Awatere Tussock Track Again!

 Forget the garden!
Head Gardener Hiker

Non-Gardening Partner and I are just back from a wee holiday. Some NGPs would find themselves car-touring in a blur of cafe-stops, with maybe a short walk to a modest waterfall. Not us! We've been tramping on a high country station in the inland Awatere Valley. High means ridgelines and mountains, station means sheep farming.

Lucky Non-Gardening Partner!

I've walked the Awatere Tussock Track once before ('walked' makes it all sound rather soft), and I was very excited to return with Non-Gardening Partner. Lucky bloke!

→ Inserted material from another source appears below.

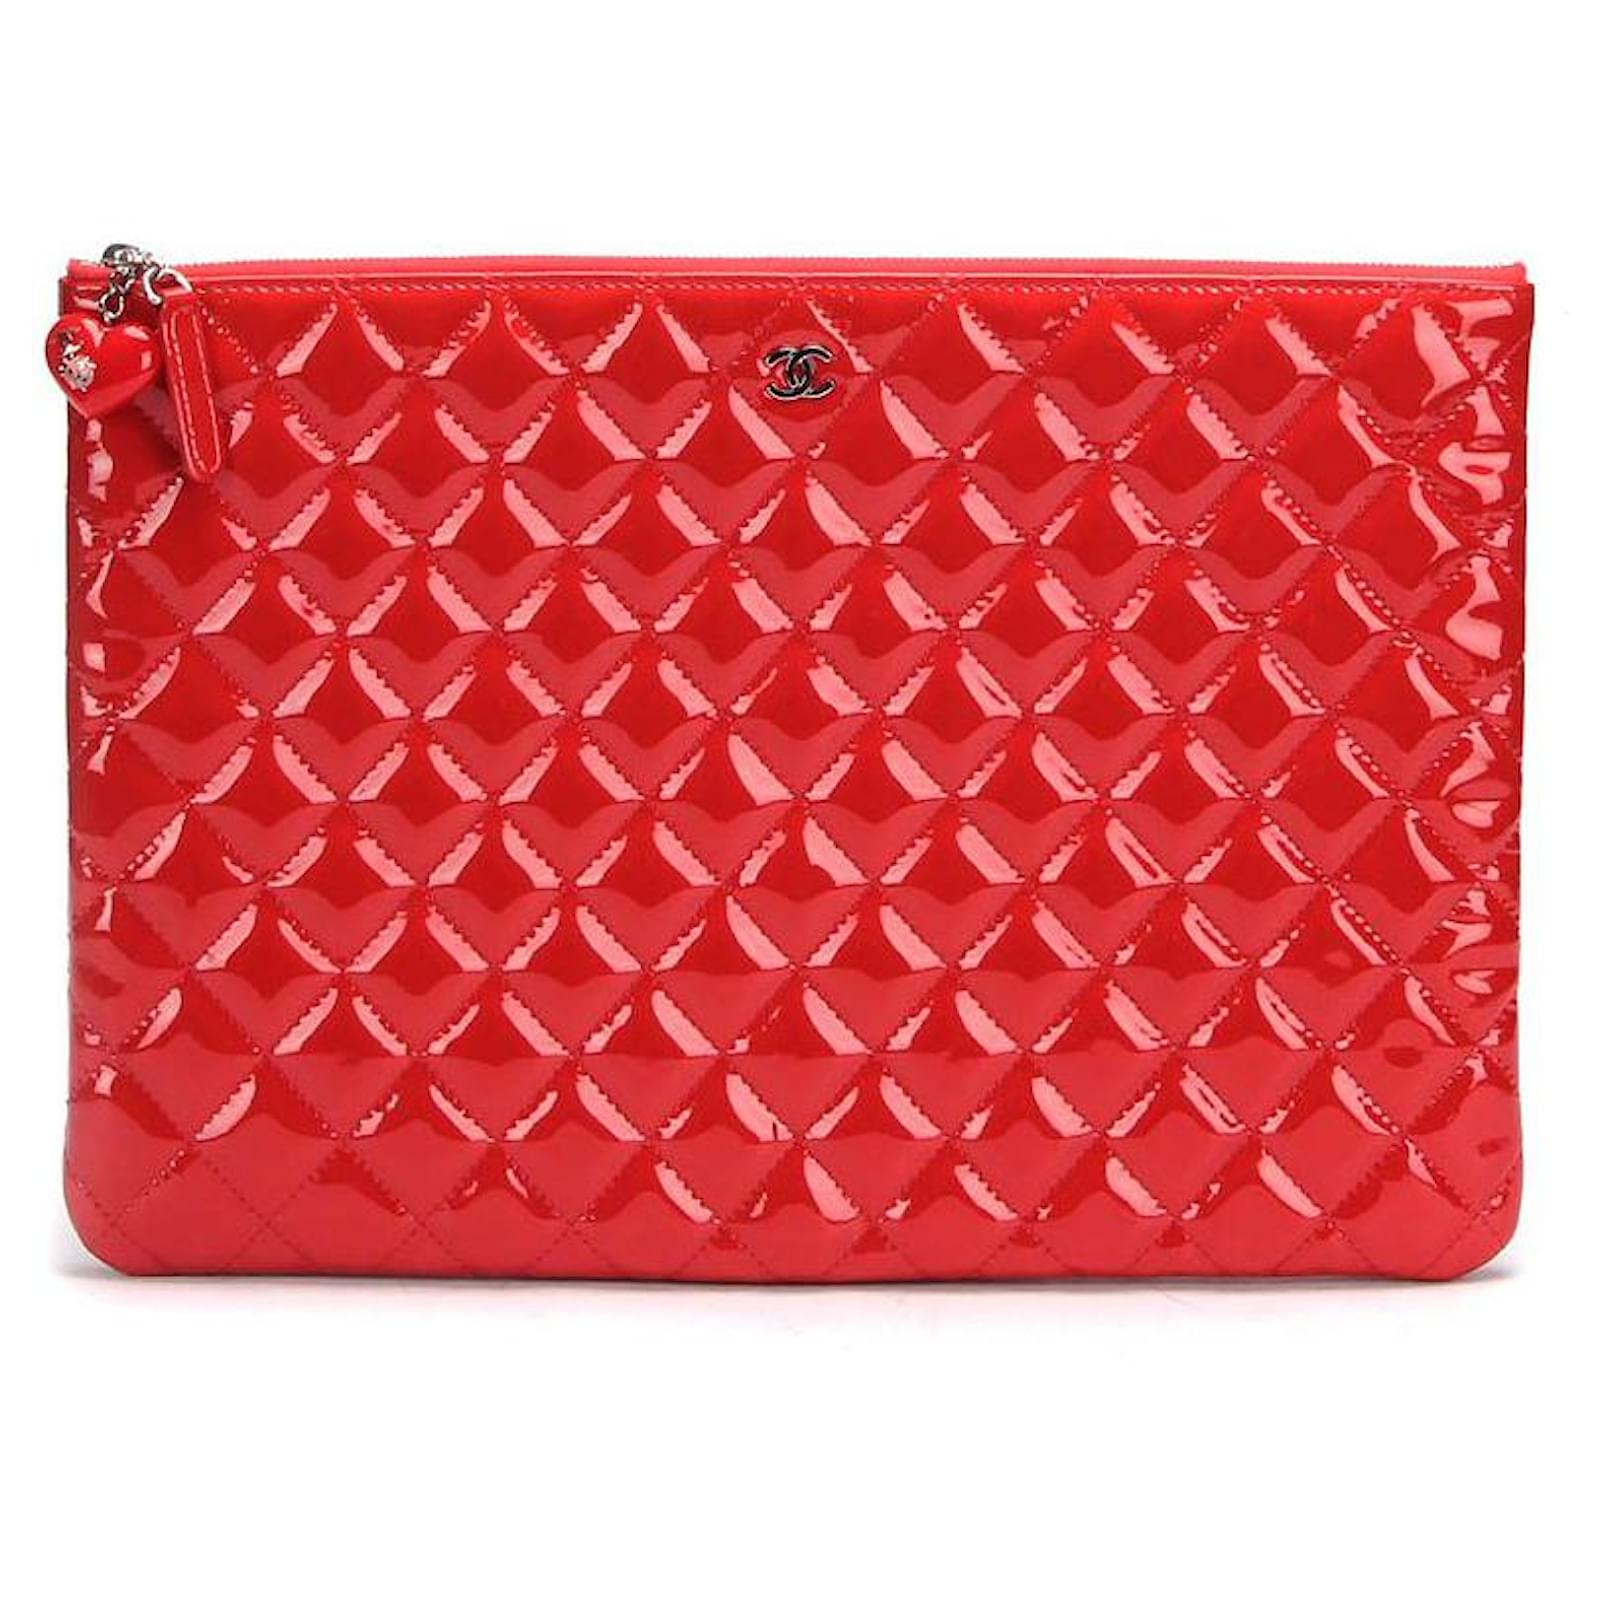 chanel cc matelasse patent leather clutch bag in red patent leather

I knew he'd like the magnificent high country, with rolling tussock hills, gullies filled with native bush, and scary rocky ridgelines high above. He'd be so proud of me having already done the difficult bits of the route. Perhaps he would like to extend himself by climbing Mount Malvern on the very top...

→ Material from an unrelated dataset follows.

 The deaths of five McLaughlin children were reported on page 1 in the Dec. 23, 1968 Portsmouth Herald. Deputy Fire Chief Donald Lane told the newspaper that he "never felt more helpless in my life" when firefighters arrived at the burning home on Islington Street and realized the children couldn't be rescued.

 Day one - with Mount Malvern and Billygoat Saddle in the distance, on the left.
On the Awatere Tussock Track

The track sidles, scrambles, and eventually climbs up to Billygoat Saddle underneath Mount Malvern - which rather scared me on my first trip, since I thought the track continued on up there. Phew!

Feeling Small, Thinking Big...

On rocky Billygoat Saddle (the highest point of the trip) I feel comfortably small while thinking huge thoughts of a deep and meaningful nature. Nature! I feel so priveledged, proud to be up here, so much nearer the sky than usual. I gush thanks for my good nerves (and good boots, socks, legs, and so on).

But we are a contrasting pair. While I sit on the good earth's rocks in giddy awe, Non-Gardening Partner spends this momentous moment 'baa-ing' at the merino ewes with their chunky lambs, many of whom are grazing high up the bluffs. He has a variety of sheep voices (impossible to distinguish from the real ones), ranging from a gurgling baritone right up to squeaky lamb-soprano.

New Eyes

On this trip I seem to have new eyes. The second day climbs are easier, the gullies below me are gentler, the rocks less scrambly, the distances far less daunting. Top Hut seems the shortest of jaunts away from the saddle (as it has always been, I guess).

 Me and my hiking friend.
The Old Musterers Hut

Day Three

On the third day our track passes an old musterer's hut and then wiggles down a bush-clad stream gully filled with tootling bellbirds and native bush. The closeness of this watery greenery is such a contrast with the sidling sheep tracks on the hot tussock hills above. So is Non-Gardening Partner enjoying this part of our track? Oh yes - he is busy whistling back at the birds, who are getting highly irate. Flightless avian interlopers in their forest!

What About My Garden?

Isn't it funny? I hardly thought about my garden at all while we were away - that shows what a great time I was having. And which bit was the 'best bit' for Non-Gardening Partner? He couldn't choose - he liked it all. The perfect response.

What happens to us now, after our Awatere Tussock Track trip? NGP has spent ages on Google Earth zooming up and over the route (which he's plotted from his GPS). In three dimensions! He can just about identify every knob and gully. I've been 're-hiking' the track mentally, hovering timelessly up the spurs and floating dreamily across the tussock meadows. Yes, we are different.

A Life Member

And a wonderful surprise - the farm owners have generously made me a 'Life Member' of the Awatere Tussock Track. Yippee! I'll be back.